De même, le Portugal émet "de fortes réserves" sur la limitation à 5% et demande à la Commission davantage d'informations "sur les analyses socio-économiques qui ont été utilisées pour établir cet objectif". La Slovaquie craint quant à elle les effets néfastes de cette limitation sur les activités agricoles.
En revanche, le Danemark estime que la Commission manque d'ambition. Pour avoir un réel impact sur les émissions de gaz à effet de serre mais aussi sur le prix des denrées alimentaires, il souhaiterait que ce seuil soit abaissé à 4%.

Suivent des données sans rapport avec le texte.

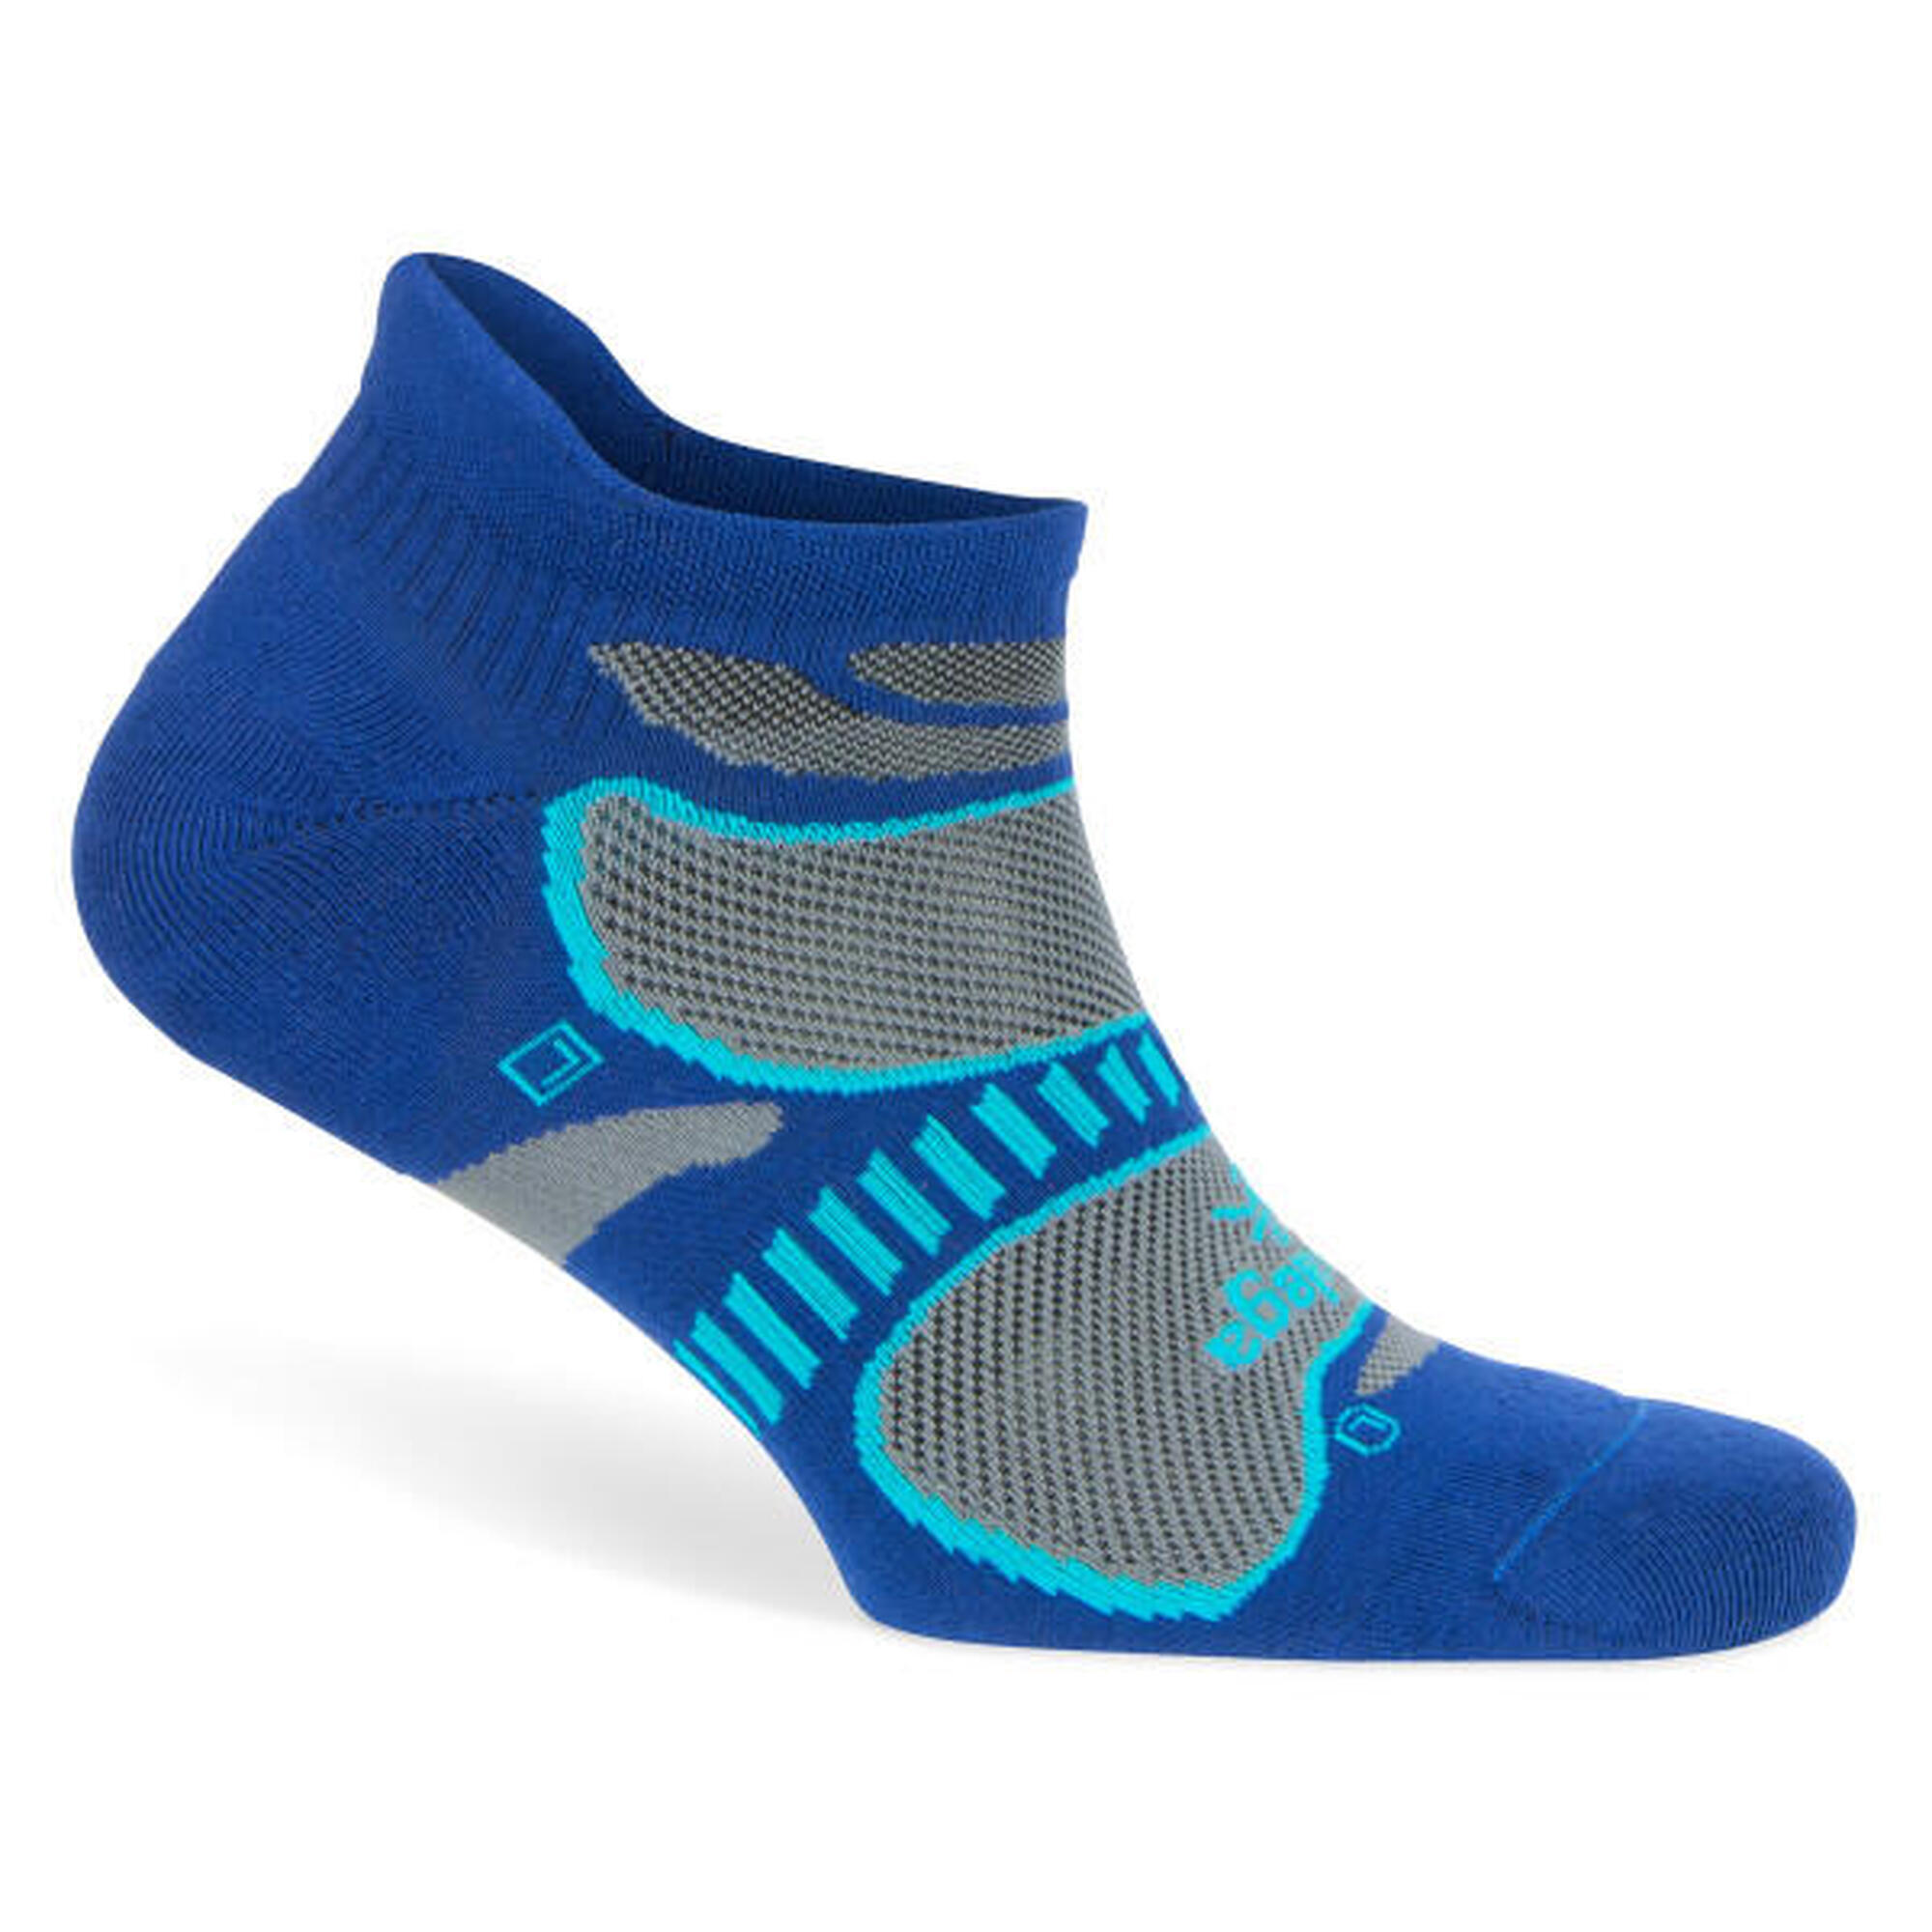 Balega running calcetines: Ligereza, control de la humedad y confort Talla XL

Durcir les critères de durabilité
La Commission propose également de renforcer les critères de durabilité des agrocarburants, qui doivent être respectés pour que ces carburants soient comptabilisés dans les objectifs EnR. Ainsi, "la réduction des émissions de gaz à effet de serre (…) est d'au moins 60% pour les biocarburants produits dans des installations entrant en service après le 1er juillet 2014. (…) Dans le cas d'installations qui étaient en service le 1erjuillet 2014 ou avant, la réduction des émissions de gaz à effet de serre résultant de l'utilisation de biocarburants est d'au moins 35% jusqu'au 31 décembre 2017 et d'au moins 50% à compter du 1er janvier 2018".
Si la Pologne approuve cette mesure, Chypre préconise de repousser l'échéance principale au 1er janvier 2015, afin de préserver les investissements engagés.
Doubles et quadruples comptages
Pour favoriser le développement des agrocarburants de deuxième et troisième générations, la Commission souhaite que leur contribution soit décomptée de manière avantageuse. Ainsi, pour les huiles de cuisson usagées, les graisses animales, les matières cellulosiques d'origine non alimentaire et les matières ligno-cellulosiques à l'exception des grumes de sciage et de placage, la contribution est considérée égale à deux fois leur contenu énergétique.
Pour les algues, les déchets municipaux (hors déchets ménagers triés), les déchets industriels, la paille, le fumier, les boues d'épuration, les effluents d'huileries de palme et rafles, le brai de tallöl, la glycérine brute, la bagasse, les marcs de raisins et lies de vin, les coques, les balles, les râpes, les écorces, branches, feuilles, sciure de bois et éclats de coupe, la contribution est considérée comme égale à quatre fois leur contenu énergétique.
Si la Pologne estime que ce mode de calcul est positif, elle pense que "cette liste de matières premières devrait faire l'objet d'une analyse détaillée et être clarifiés afin d'inclure uniquement les matières qui ne font pas actuellement l'objet d'une application plus large dans l'industrie (et sont donc traitées comme des déchets ou de résidus)".
Pour le Portugal, ce mode de calcul va permettre d'augmenter la compétitivité des agrocarburants de deuxième et troisième générations. Car tous redoutent leur coût, au moment où beaucoup de ces produits ne sont pas encore mâtures. Les six Etats membres demandent d'ailleurs davantage d'incitations pour ces nouvelles générations de carburant et un appui renforcé à la R&D.
Agrocarburants hors UE
Plusieurs Etats attirent également l'attention de la Commission sur les risques liés aux agrocarburants produits hors UE. La Pologne craint en effet que cette proposition ne prenne pas en compte les pressions sur les terres dans les pays tiers et redoute même qu'elle n'encourage l'utilisation de biomasse produite hors UE "où l'impact des changements d'affectation des sols indirects est beaucoup plus important". La Slovaquie et la Pologne évoquent les mêmes craintes.